Тетя Нигяр попробовала еще что-то сказать за спиной у Афика, но хирург поморщился и слишком откровенно вздыбил на нее свою бородку.

Он так же, как Агамалиев пятнадцать-двадцать минут назад, посмотрел на свет рентгеновский снимок с буквой «П» в углу, но с той лишь разницей, что делал это невнимательно, словно удостоверился в том, что давно уже знал.

Хирург предложил Беле-ханум сесть. То, что Афик стоял с переломом, похоже, его не очень волновало.

— Скажите, доктор… — начала было Бела-ханум.

— Прекрасно, — перебил ее хирург, — у нашего юного друга перелом в двух местах. Открытый и закрытый. Плюс небольшая трещина. Ничего страшного. Конечно, было бы лучше, если бы… но… ничего-ничего… склеим, подгоним… В худшем случае на погоду будет реагировать, но на погоду я и сам реагирую, особенно когда весна, когда у вас в Баку весна — особенно. Дома не удержишь.

Медсестра с потертыми джинсовыми коленками из-под белого халата загадочно улыбнулась.

— А эта дамочка у нас, выходит, родственница? — лукавые глаза осторожно попробовали Нигяр-ханум по кусочку от самых аппетитных мест.

Тетя Нигяр смутилась и ответила с рахат-лукумной кокетливостью:

— Ва-а… она бах, э… совсем минингидтики. Нет э, нет. Я только соседка. Соседка.

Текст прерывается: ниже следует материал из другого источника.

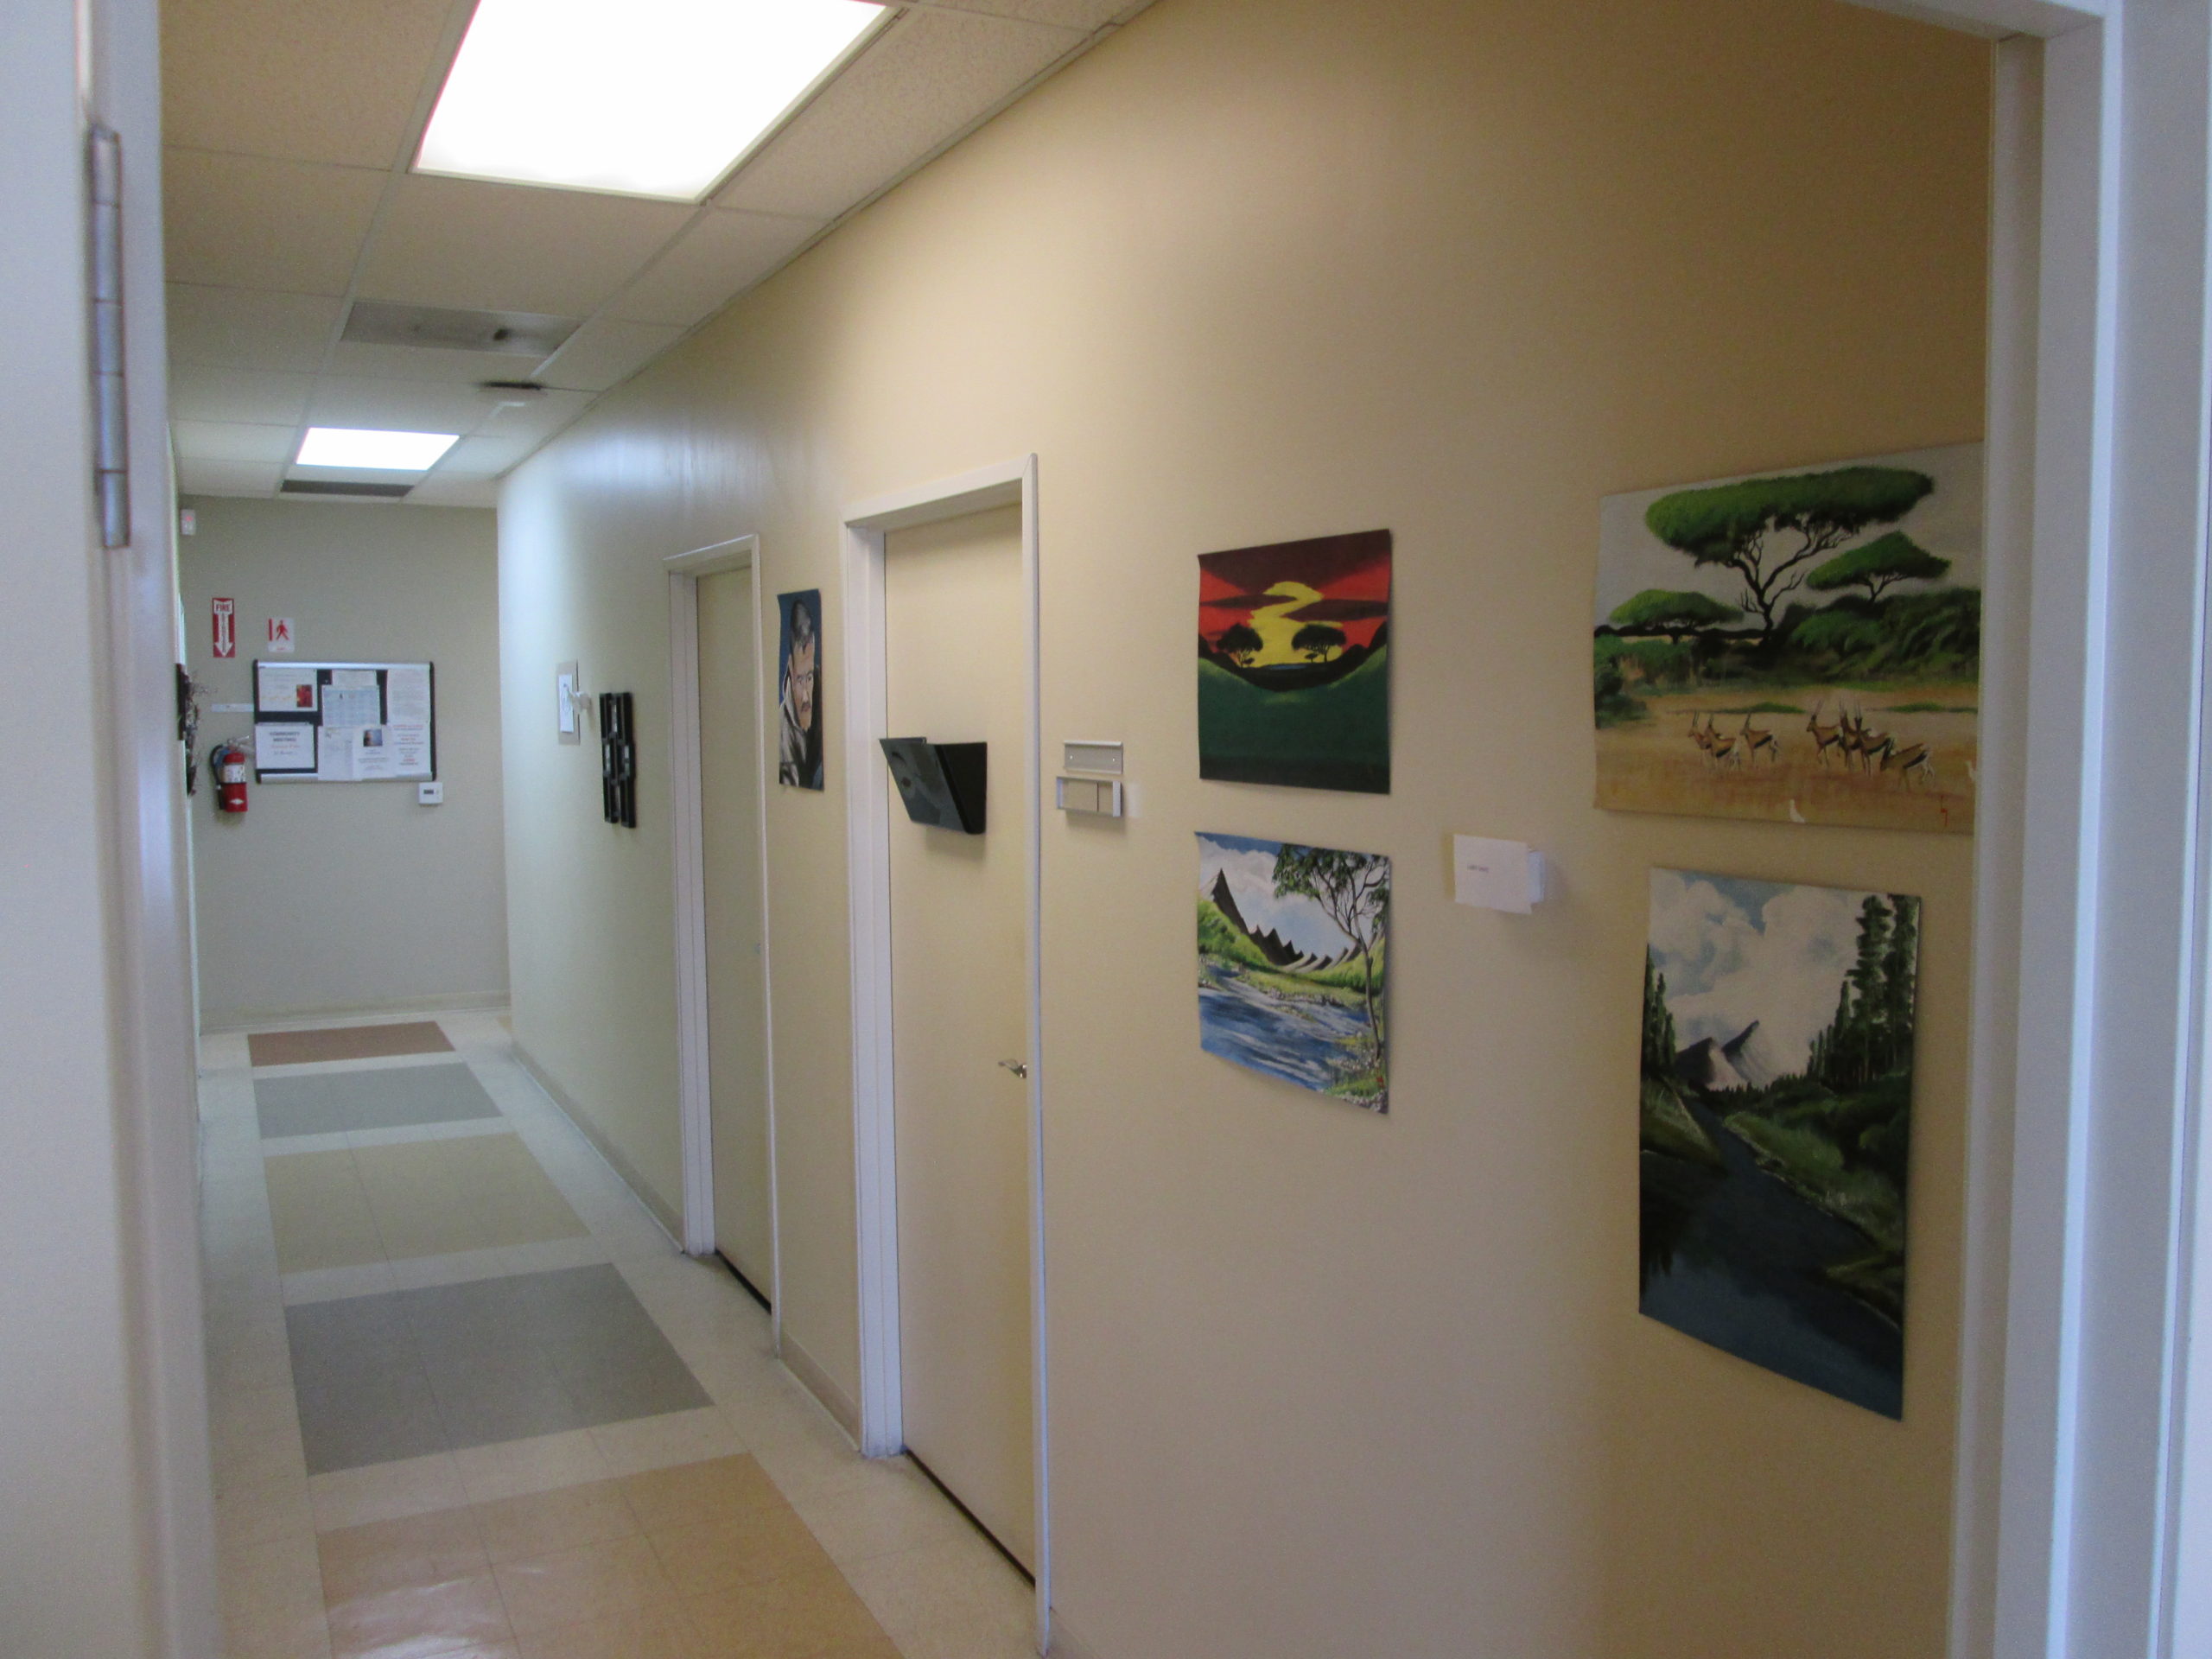 Vermont North - Hallway Art Show 4

— Оль-ля-ля, мадам! Оль-ля-ля!! Как же вы не правы. Что значит — «только». Сейчас, мадам, такое время, я вам скажу, что хорошие соседки, простите, соседи, лучше всяких родственников типа седьмая вода на киселе, я вам скажу. — Его глаза подернулись ностальгической пеленой. — Я ведь сам из Винницы, дамочки. Ах, какие места, какие места! И все рядом. Ужгород. Мукачево. Черновцы… Таки нет, пришлось уехать. «Попросили», так сказать. Все оставил. Все. Могилы. Альбом с фотографиями. Письма. Новый транзистор. Между прочим, замечательно ловил… — И он забарабанил пальцами по агамалиевской медицинской карте. — Вот так вот, а вы говорите — «только соседка». Вы — Джоконда, мадам! Мона Лиза, так сказать. И сами вы, мадам, того не знаете. Уж поверьте мне.

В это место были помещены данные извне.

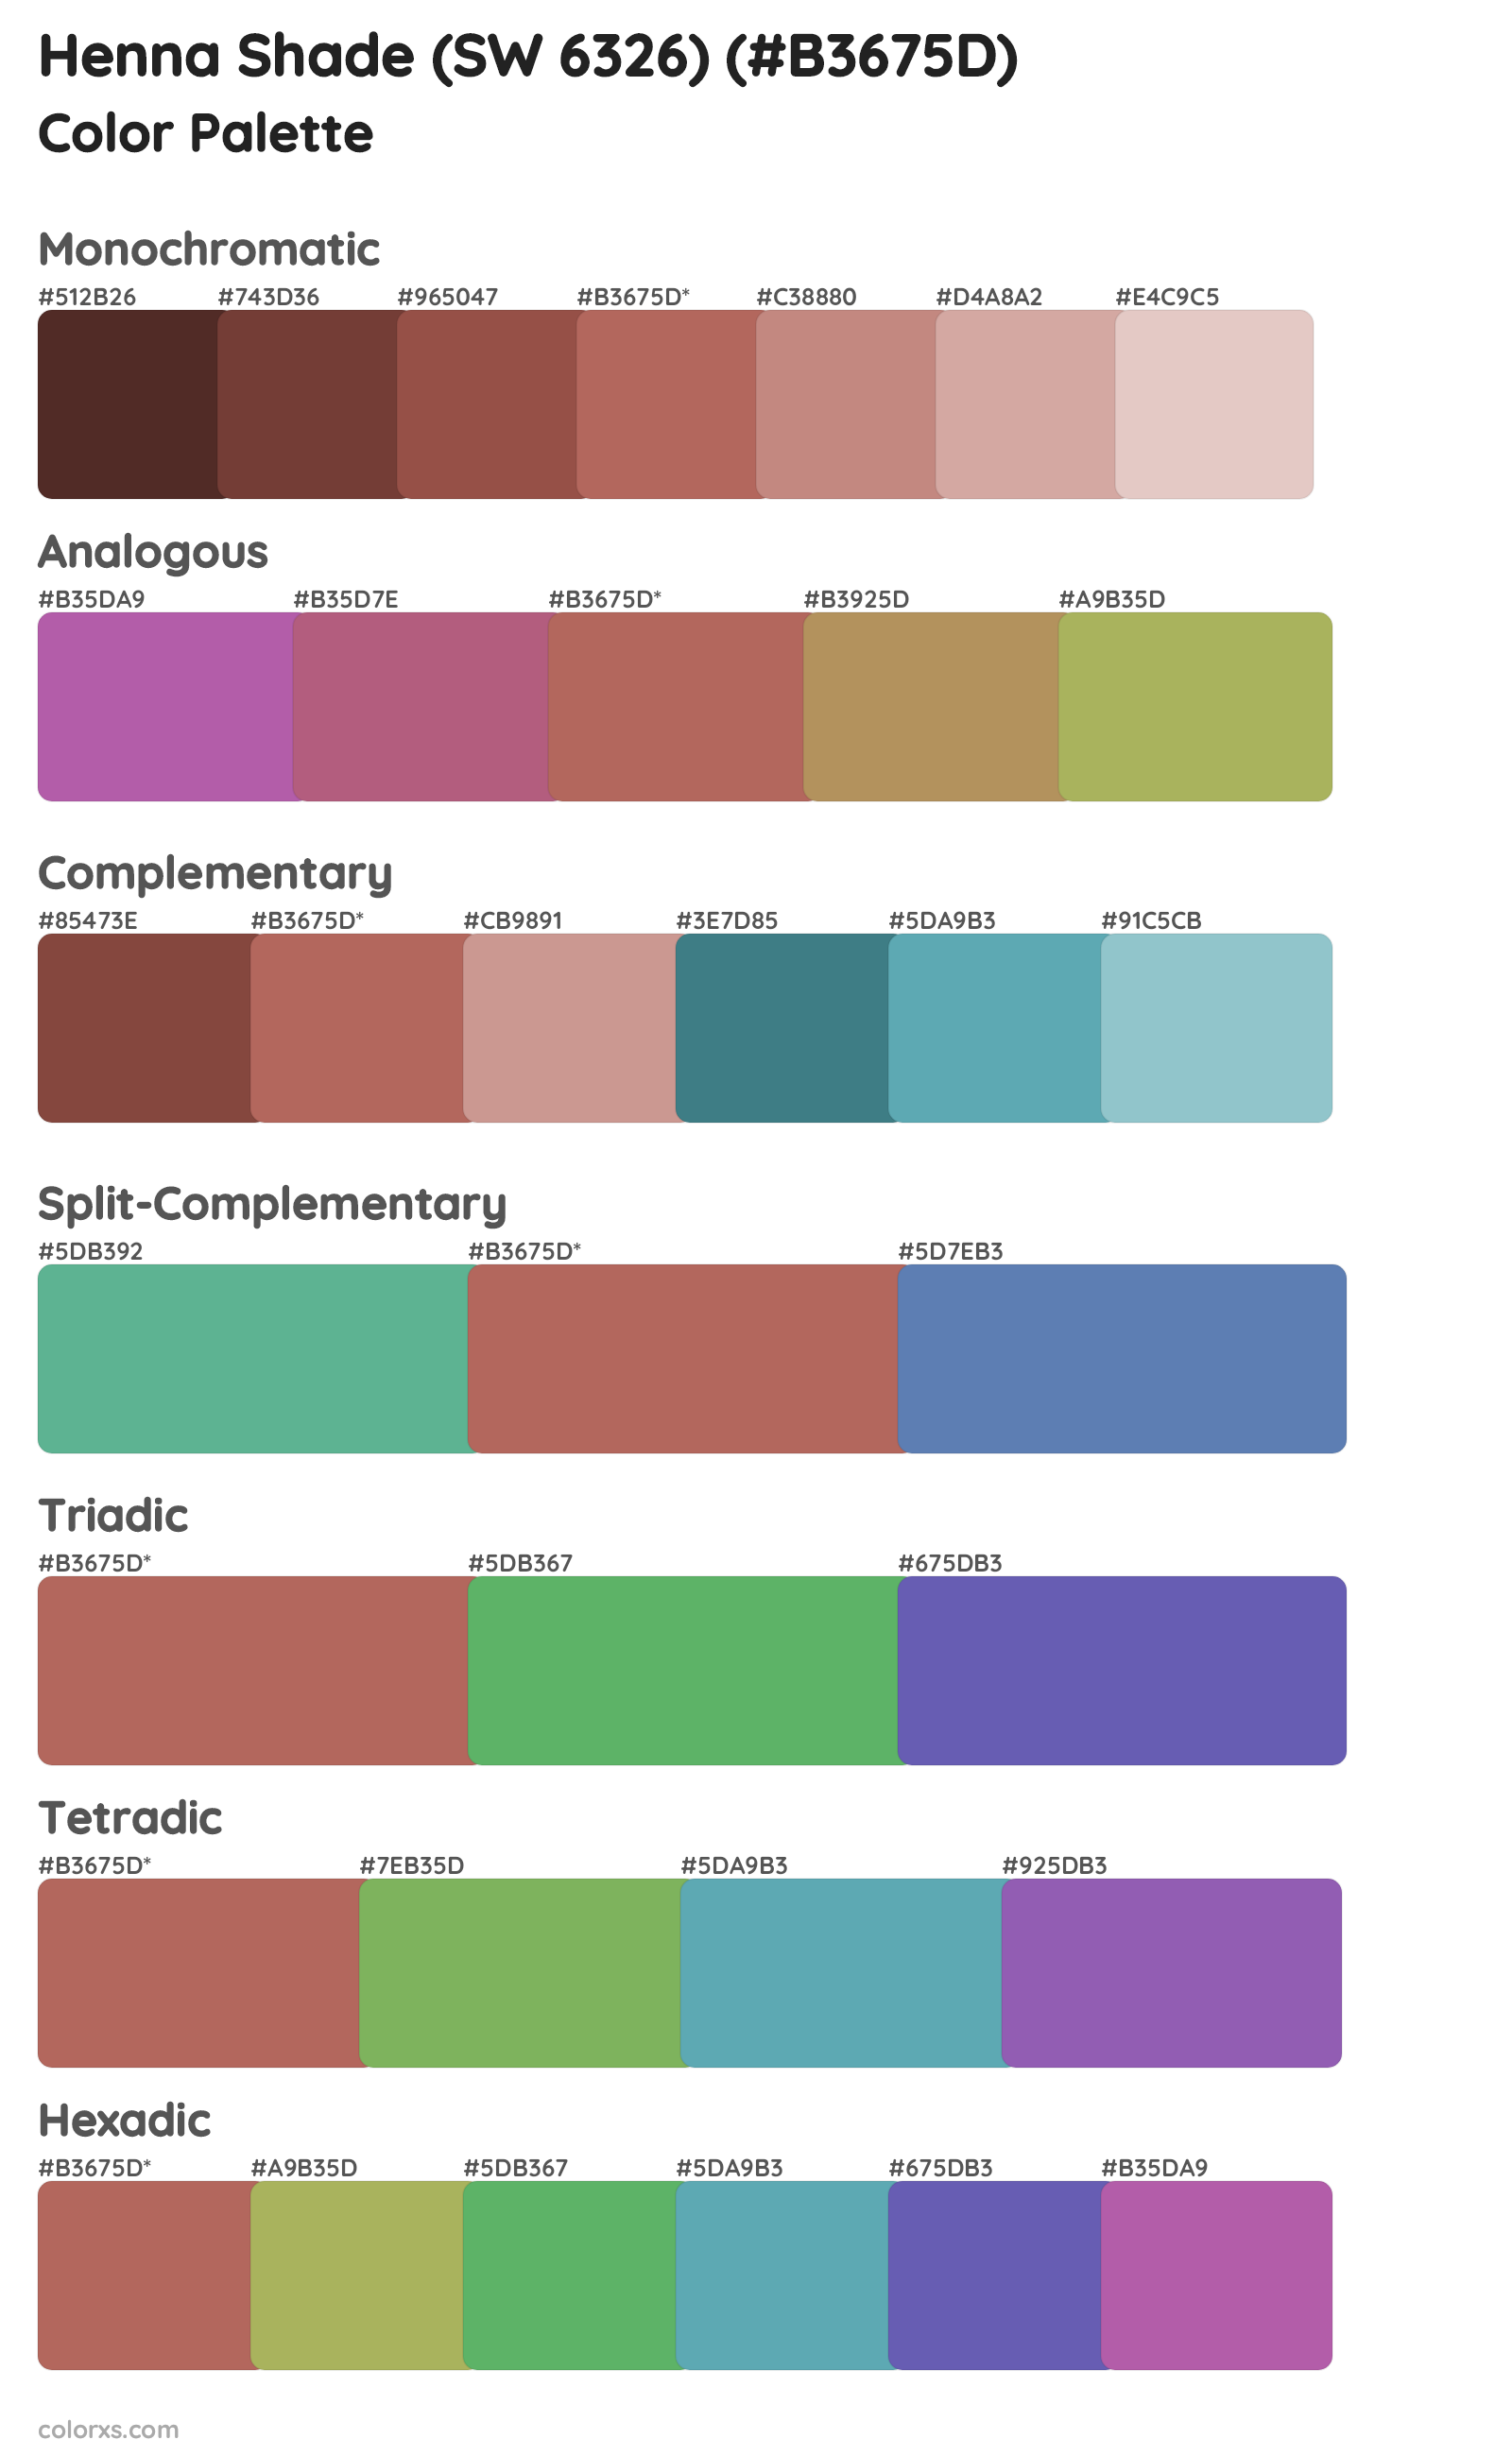 Henna Shade (SW 6326) Color Scheme Palettes

Этим грустным взглядом винницкого беженца, этой «Джокондой» тетя Нигяр была сражена наповал. От декольтированной груди ее к мощной шее начали медленно двигаться красные пятна, контурами напоминающие гавайские острова. Кажется, Джоконда со Второй Параллельной задумала обзавестись еще одним «квартирантом».

— Ну-с, мой юный друг — к бою! — наконец вспомнил об Афике хирург. — Попрошу в перевязочную… так сказать. А вы за дверь, милые дамочки, за дверь, за дверь…

«Старый греховодник, — подумал Афик, — сейчас он задаст мне трепку. Где же я мог его видеть? Где?»

Но нет, хирург делал все быстро, ловко, не переставая сыпать шуточками, видимо, опробованными еще на Западной Украине.

Он разогнул большую канцелярскую скрепку, накалил ее докрасна на спиртовке, проколол остаток ногтя на большом пальце ноги. (Запахло жареным). Аккуратно выдавил через образовавшуюся дырочку запекшуюся кровь. Затем вырвал ноготь щипцами, как зуб. («Мой юный друг, он вам уже ни к чему. Мы вам другой вырастим. Лучше».) Выудил осколки из раны. Один только раз вместо осколка взялся пинцетом за край кости. У Афика потемнело в глазах. («Доктор, это кость!»). Тот смутился. («Пардон-пардон. Приношу свои извинения».) Обильно смазал марлевую подушечку мазью Вишневского, после чего уже доверил класть гипс медсестре и пошел мыть руки с мылом.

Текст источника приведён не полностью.